0

Which function sorts the output of Map task in the Reduce phase in Hadoop Src 2.7.1 and when does the sorting phase begin?

I want to know, which function in Hadoop is responsible for sorting the Map output and what is the sorting algorithm used?

Manjunath Ballur
  • 6,287
  • 3
  • 37
  • 48
aminir
  • 89
  • 7
  • 1
    This question has been answered here: http://stackoverflow.com/questions/5779750/mapreduce-shuffle-sort-method. QuickSort is used at Mapper side. At the Reducer, the sorted outputs from the Mappers are merged, before being reduced. – Manjunath Ballur Oct 15 '15 at 17:34
  • Thanks another question is that in literature thought that in reduce phase there are 3 sub phases 1-copy(shuffle) 2-sort 3- reduce you believe that at reducer sort is merge only when merge in this phase begin (after copying all map task output to reducer?) – aminir Oct 16 '15 at 18:50
  • Yes, there are 3 phases, copy, sort and reduce.
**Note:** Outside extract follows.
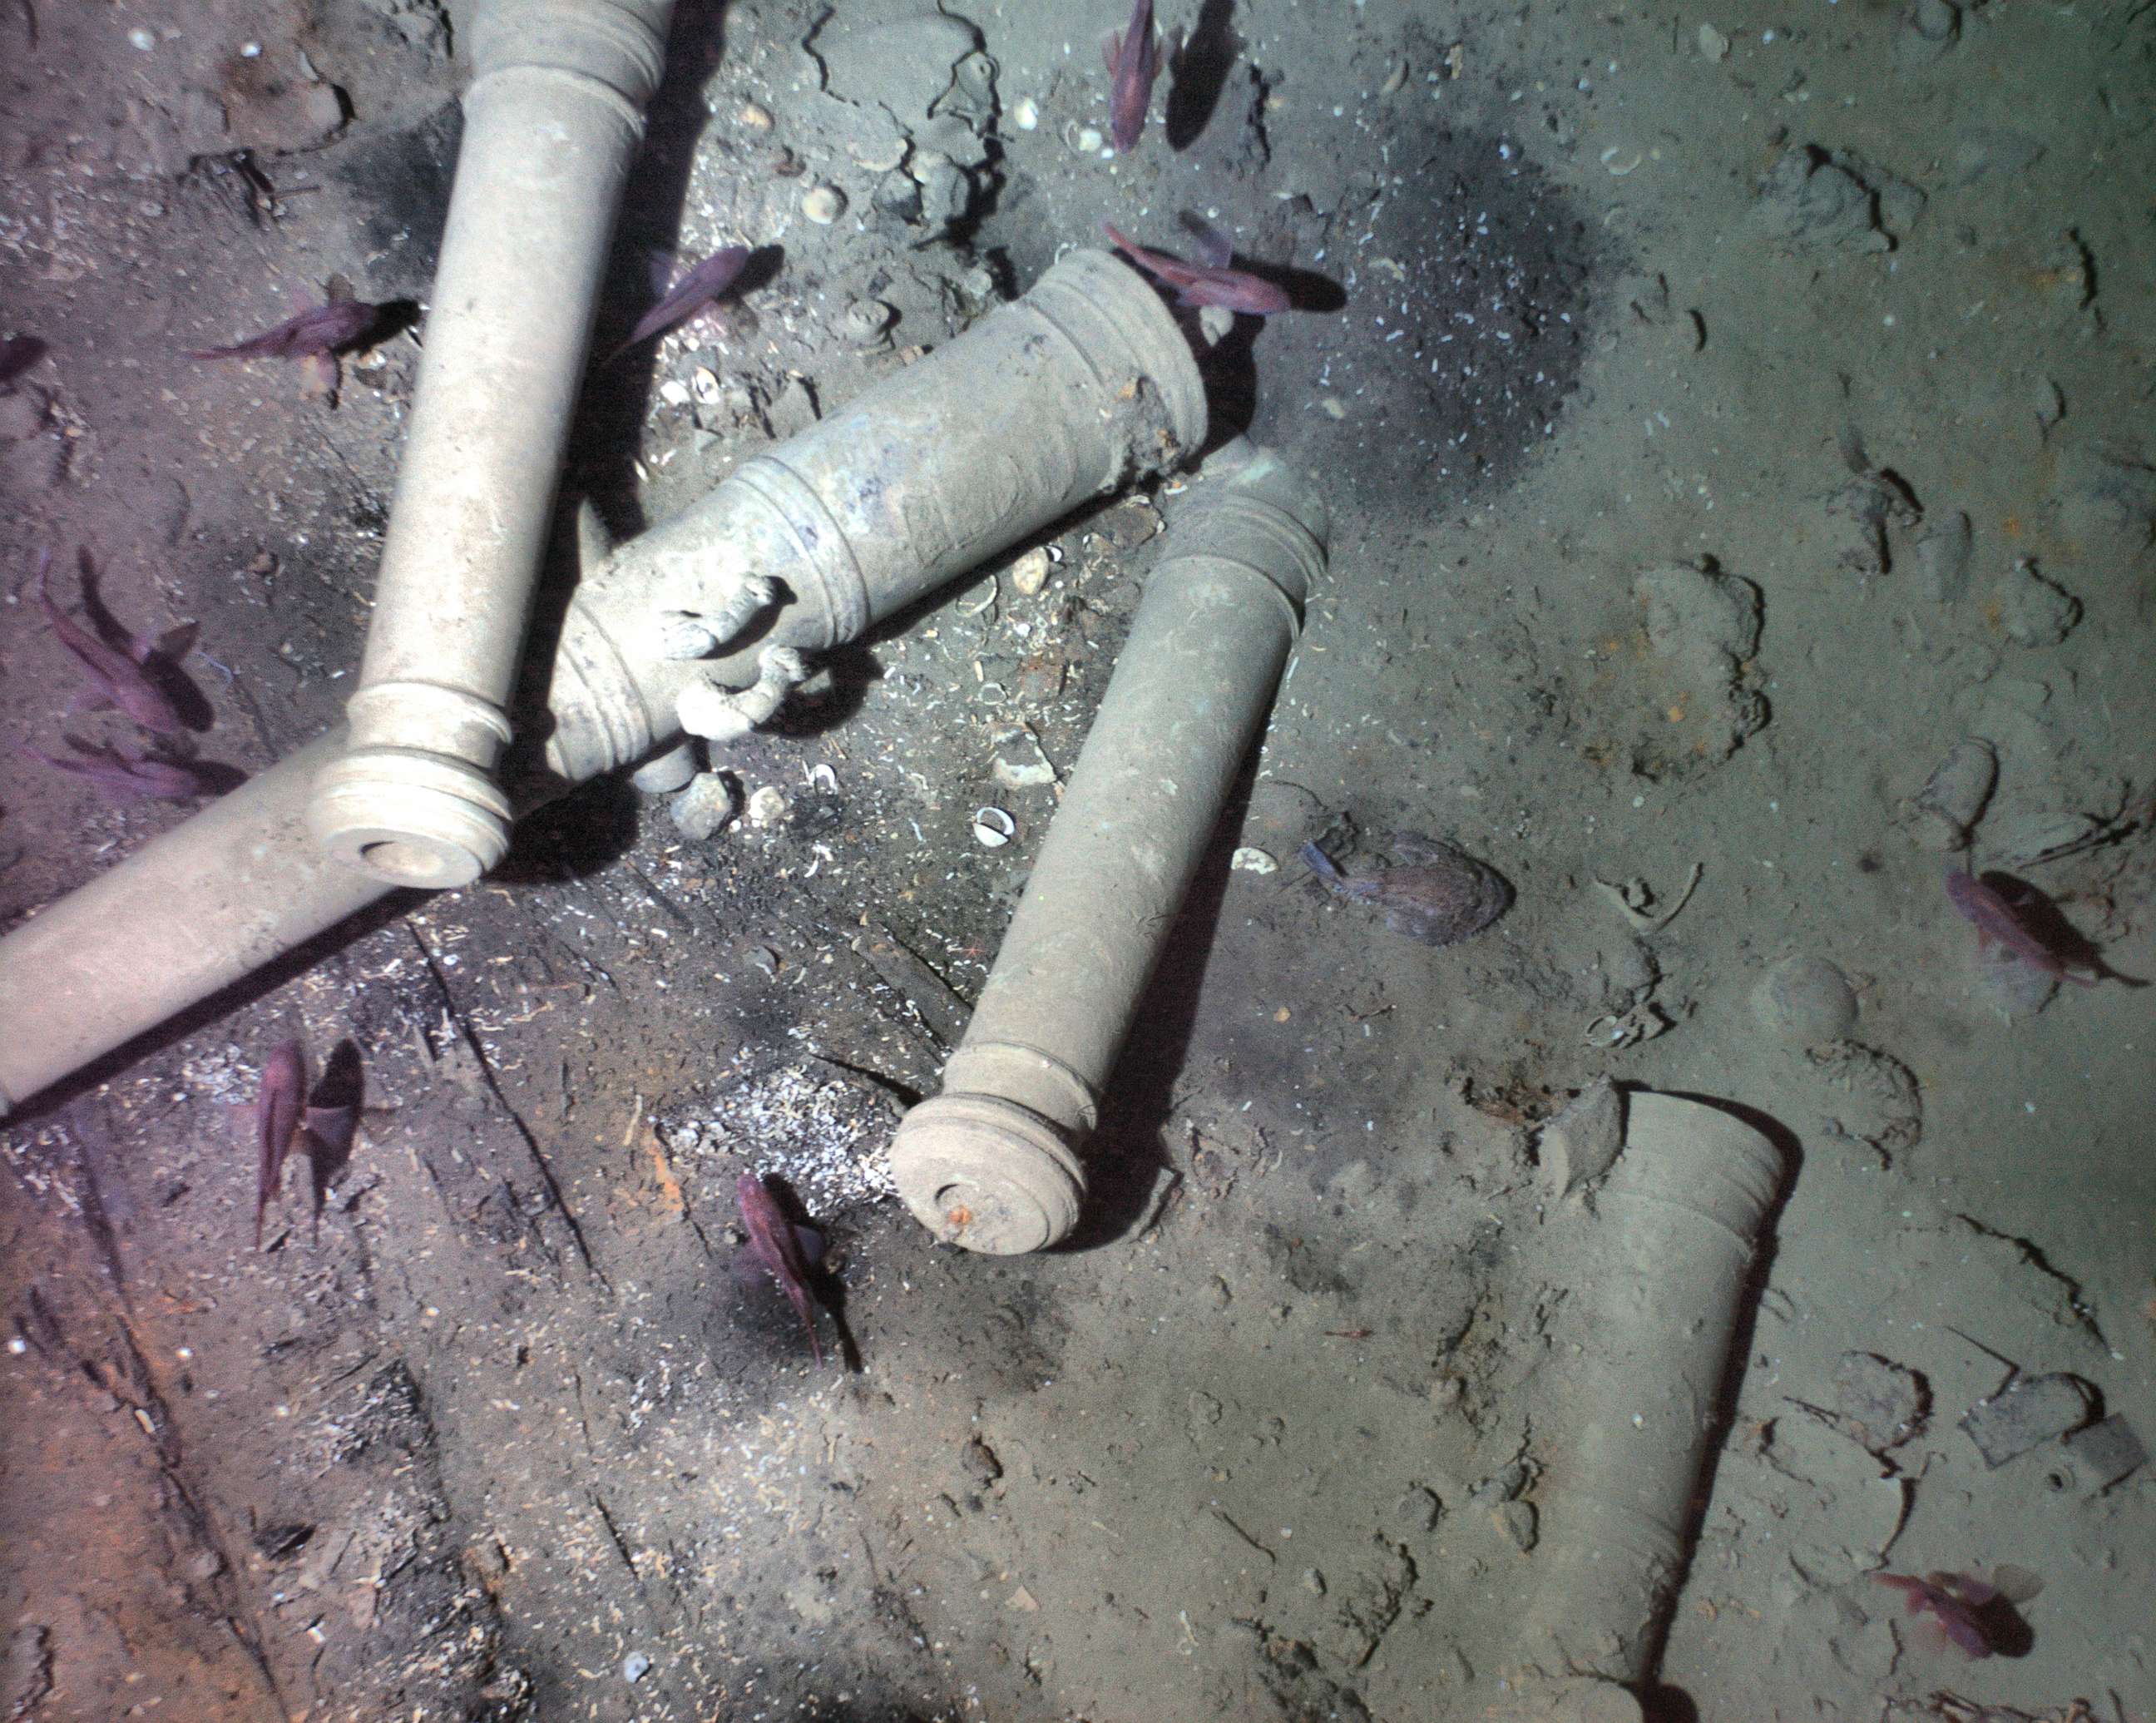 PHOTO: This November 2015 photo released Monday, May 21, 2018, by the Woods Hole Oceanographic Institution shows cannons from the 300-year-old shipwreck of the Spanish galleon San Jose on the floor of the Caribbean Sea off the coast of Colombia.

But Fetcher (which fetches data from each of the mappers), also merges the data (which was already sorted on map side), maintaining their original sort order. You can refer to code in Shuffle.java and Fetcher.java. – Manjunath Ballur Oct 16 '15 at 19:08
  • thanks again when merge(sort) is begin at reduce phase in the Hadoop implementation? which event occurs in the source file? – aminir Oct 16 '15 at 19:31
  • It is determined by configuration parameter "mapreduce.reduce.merge.inmem.threshold". Read its description here: https://hadoop.apache.org/docs/r0.23.11/hadoop-mapreduce-client/hadoop-mapreduce-client-core/mapred-default.xml – Manjunath Ballur Oct 16 '15 at 19:42
  • Hi dear Ballur very thanks for your attention. in Eclipse how i can see mapoutput and merging execution in debugging mode with breakpoints what is main purpose of fetcher.java in the Hadoop? – aminir Oct 17 '15 at 18:11
  • Fetcher run on Reducer side and fetches the output from the different Mappers. I don't know how to debug using Eclipse. – Manjunath Ballur Oct 19 '15 at 06:04

1 Answers1

2

The map output is sorted using Quicksort technique during the spilling of intermediate KV (key-value) pair generated from Map tasks and it goes to the particular Reducer.

On the Reducer side, the KV pairs again get sorted using Merge sort technique and form the groups. Sorting is needed in the Reducer side, because the same intermediate KV pair may come from n-no.of Map tasks.